Journal of Molecular Medicine

, Volume 83, Issue 8, pp 647–654 | Cite as

Relationship between X-inactivation and clinical involvement in Fabry heterozygotes. Eleven novel mutations in the α-galactosidase A gene in the Czech and Slovak population

  • Robert Dobrovolny
  • Lenka Dvorakova
  • Jana Ledvinova
  • Sudheera Magage
  • Jan Bultas
  • Jean C. Lubanda
  • Milan Elleder
  • Debora Karetova
  • Marketa Pavlikova
  • Martin HrebicekEmail author
Original Article


We have identified 21 different α-galactosidase A gene (GLA) mutations in 22 unrelated Czech and Slovak families with Fabry disease. Eleven of these mutations were novel (point mutations D93N, A135V, D155H, G171R, Q280K, G360S, Q330X, splicing errors c.194ins14, c.801ins36 and deletions c.674_732del59, g.3405_6021del2617). Genotyping of family members for family-specific mutations revealed 55 heterozygotes that manifested clinical symptoms of different severity. To examine the contribution of X-inactivation skewing to disease manifestation in Fabry heterozygotes, we have adopted the Mainz severity scoring scheme and compared the score values with the X-inactivation status in 39 carriers in an age-dependent manner. The age-score trendline of Fabry females who had a predominantly inactivated X-chromosome bearing a wild-type GLA allele (10 of 38 females) was markedly steeper than in the rest of the cohort. One female carrier with an inactivated mutated allele had a low score value when compared to the other heterozygotes of the same age. These data suggest that X-inactivation is indeed a major factor determining the severity of clinical involvement in Fabry heterozygotes. There was a statistically significant difference between the severity score values of heterozygotes with random and non-random X-chromosome inactivation at the 5% level of significance. Further studies will show if the degree of the wildtype allele inactivation will be useful as a predictive marker of severity of phenotype in Fabry heterozygotes. Although the correlation between X-inactivation skewing and presentation of the disease in Fabry heterozygotes has previously been suggested in the literature, this report is among the first attempts to examine this relationship systematically.

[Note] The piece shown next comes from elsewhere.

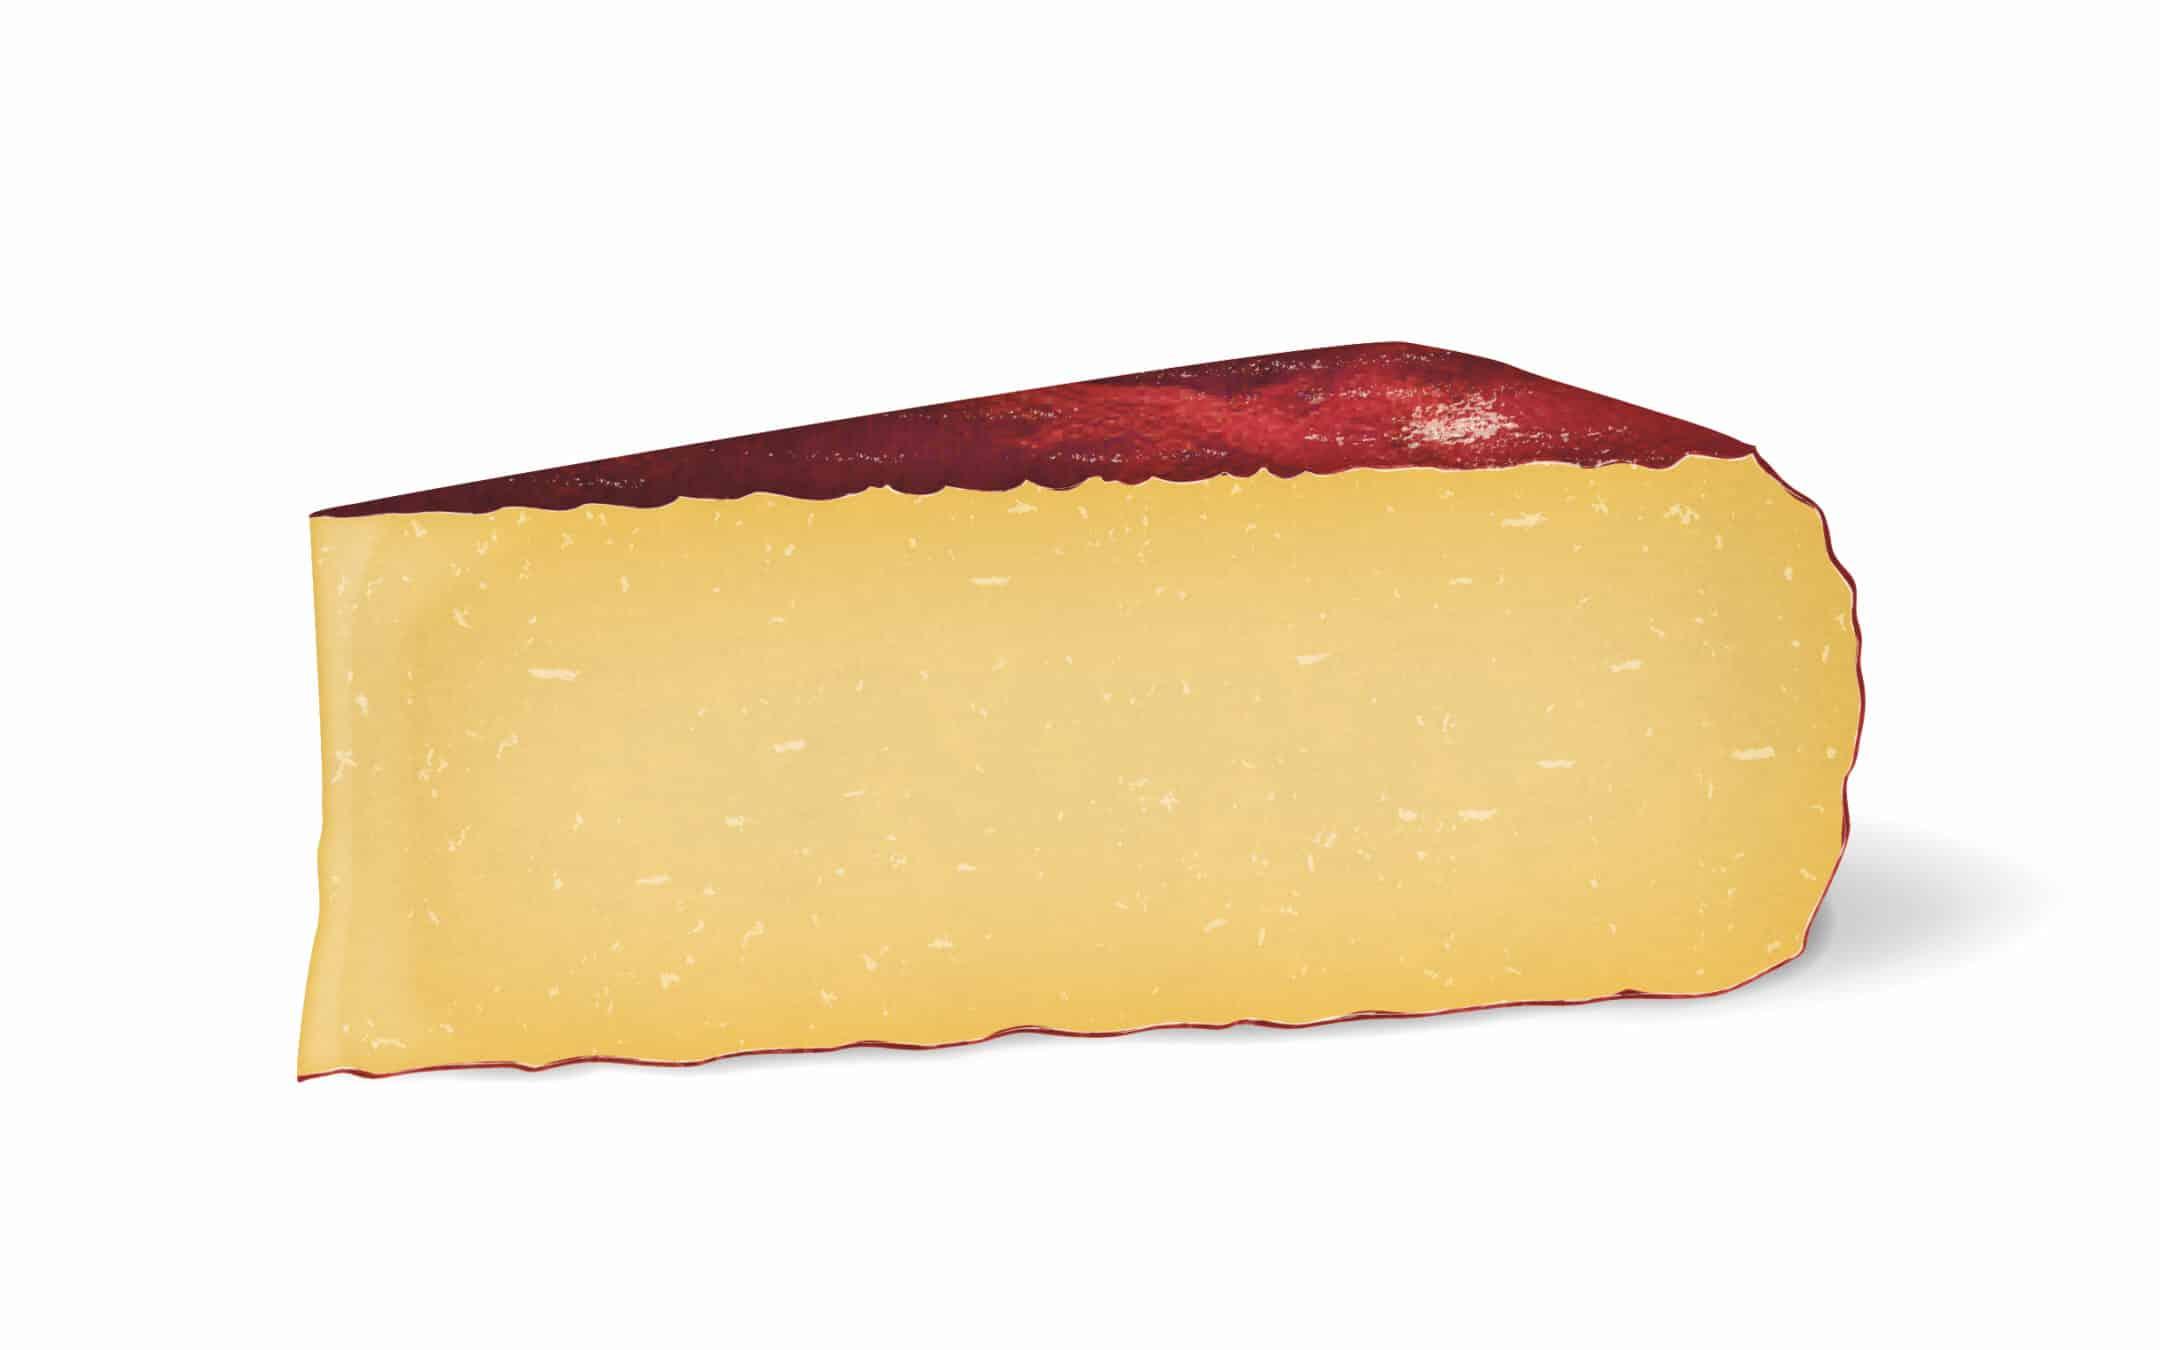 6 hotte oste netop nu

Fabry disease X-inactivation Mutation Score 



This work was supported by project grants IGA MZ CR NE 5770-3-99, VZ 111100003 and MSM 21620806. We thank Dr. Garman (Structural Biology Section, Laboratory of Immunogenetic Disease, National Institute of Allergy and Infectious Diseases, National Institute of Health) for giving us the coordinates of the human α-gal A structural model. We also thank Dr. Merta and Dr. Reiterová (First Department of Internal Medicine, General Teaching Hospital, Prague) for providing us with biological material from some of the Fabry families.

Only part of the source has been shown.